So, 19. November 2017

„Untragbar!“

05.07.2016 19:42

Lange Staus nach Grenzkontrollen in Nickelsdorf

Im Burgenland hat sich am Dienstag aufgrund der Grenzkontrollen die Lage auf der Ostautobahn (A4) verschärft: Zusätzlich zum kilometerlangen Stau wegen der Kontrollen bei der Einreise nach Österreich kam der Verkehr auch in Fahrtrichtung Ungarn schließlich völlig ins Stocken, berichteten die Autofahrerklubs - denn auch auf ungarischer Seite wurde kontrolliert. Der Stau reichte zwischenzeitlich rund 30 Kilometer bis nach Bruck an der Leitha zurück.

Ab Dienstagvormittag staute es sich laut ARBÖ also nicht mehr nur bei der Einreise, sondern auch bei der Ausreise nach Ungarn. Besonders betroffen waren Lkw-Lenker. In weiterer Folge kam aber auch der Pkw-Verkehr zwischen Weiden am See und Nickelsdorf abschnittsweise komplett zum Stillstand. Die Anfahrtszeit zur Grenze sei deutlich verlängert. "Zwischen Weiden, Gols und Mönchhof stehen die Leute neben ihren Autos", berichtete ein ÖAMTC-Sprecher am Nachmittag. In dem Bereich ist auch ein Gegenverkehrsbereich eingerichtet.

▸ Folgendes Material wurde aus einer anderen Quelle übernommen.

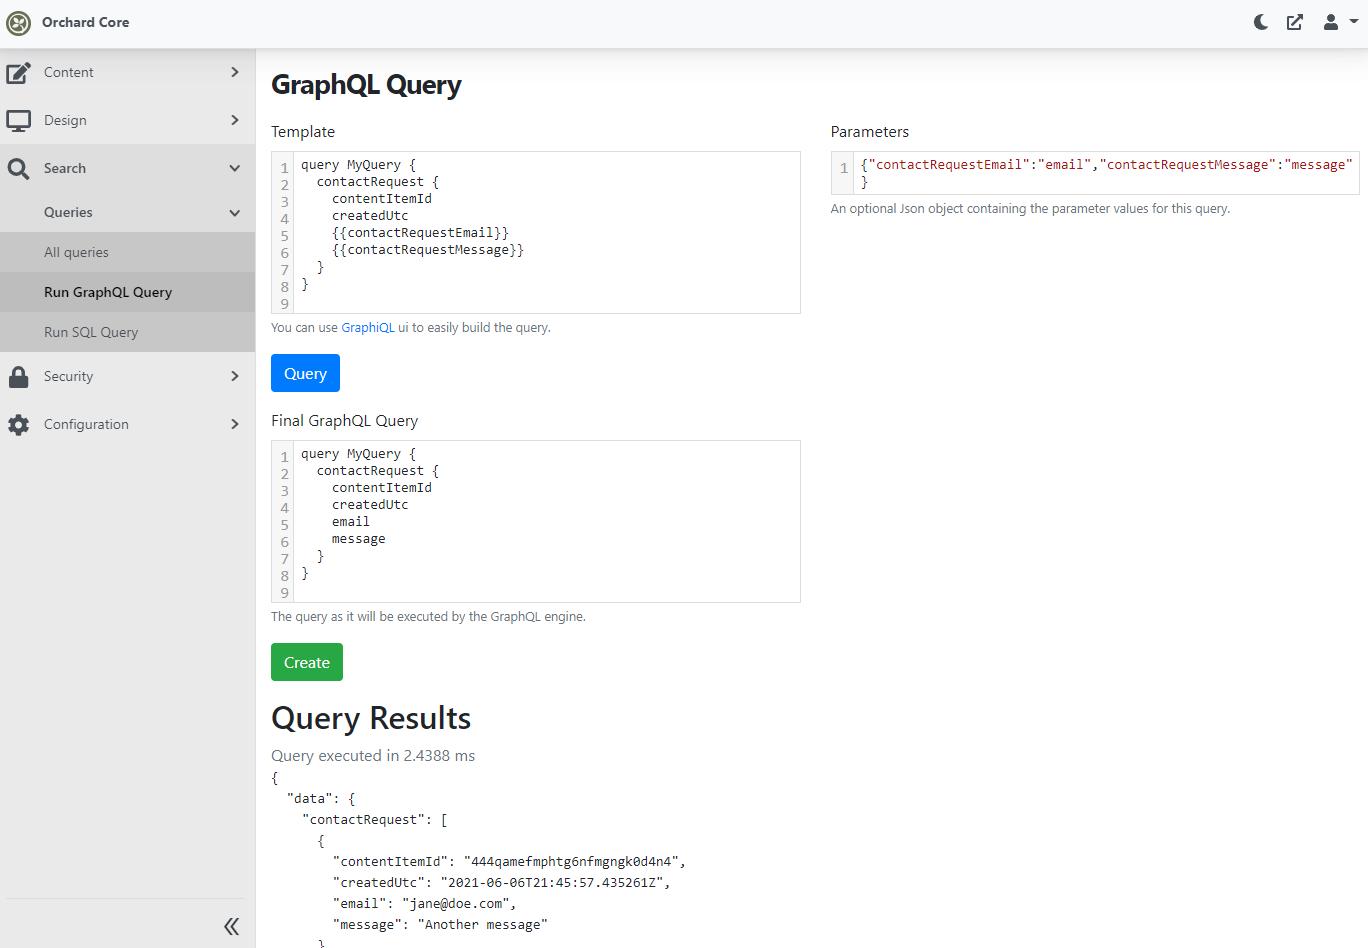 Templated GraphQL query

Verkehr auf B10 abgeleitet
Am Nachmittag begann die Polizei, den Pkw-Verkehr "der Situation angepasst" von der Ostautobahn auf die B10 abzuleiten, so ein Sprecher der Landespolizeidirektion Burgenland. Auch ein Hubschrauber kam bei der Verkehrsüberwachung zum Einsatz. Der Stau am Grenzübergang reichte schließlich rund 30 Kilometer bis nach Bruck an der Leitha zurück. Die Anfahrtszeit zur Grenze betrug in etwa drei Stunden.

Am späteren Dienstagnachmittag begann sich die Lage laut ÖAMTC-Angaben im Bereich vor dem Grenzübergang etwas zu entspannen. Im Bereich Bruck an der Leitha komme es allerdings weiter zu Verzögerungen, sagte ein Sprecher. Pkw-Lenker sollten, so sie nicht ohnehin großräumig ausweichen, auf der A4 im Baustellenbereich Weiden/Gols bis Nickelsdorf die linke Fahrspur benutzen. Dort sei das Weiterkommen "relativ problemlos", riet der Autofahrerklub. Die Auffahrten auf die Ostautobahn in Fahrtrichtung Ungarn von Parndorf bis Nickelsdorf waren am Nachmittag weiterhin gesperrt.

Auch in Ungarn brauchten vor allem Lkw-Lenker auf der Autobahn M1 sehr viel Geduld. Vor der Grenze waren gegen 15.45 Uhr rund 20 Kilometer Lkw-Stau gemessen worden. Hier betrug die Wartezeit über zwei Stunden.

"Untragbare Zustände" für Lkw-Fahrer
Kritik an den kilometerlangen Staus infolge der Grenzkontrollen kam am Dienstag seitens der Transporteure. Franz Danninger, der Obmann des Fachverbandes Güterbeförderung in der Wirtschaftskammer Österreich, sprach laut Aussendung von "untragbaren Zuständen" durch stundenlange Wartezeiten für die Lkw-Fahrer.

Man respektiere das Ansinnen, vor dem Hintergrund der Bekämpfung der Schlepperkriminalität verstärkt Grenzkontrollen durchzuführen. "Wofür wir allerdings kein Verständnis haben, sind derartige, schwerwiegende Eingriffe in den Warenverkehr, die für Lenker massive Stehzeiten und für Unternehmer ein völliges Chaos in der Tourenplanung bedeuten", stellte Danninger fest: "Keiner der dafür Verantwortlichen fragt hierbei nach, welche Kosten für die Unternehmer entstehen, geschweige denn, wer diese Kosten kompensiert." Einmal mehr fordere man Maßnahmen, wie eigene Lkw-Korridore an den Grenzen oder eine Flexibilisierung von Lenk- und Ruhezeiten im Rahmen dieser besonderen Umstände.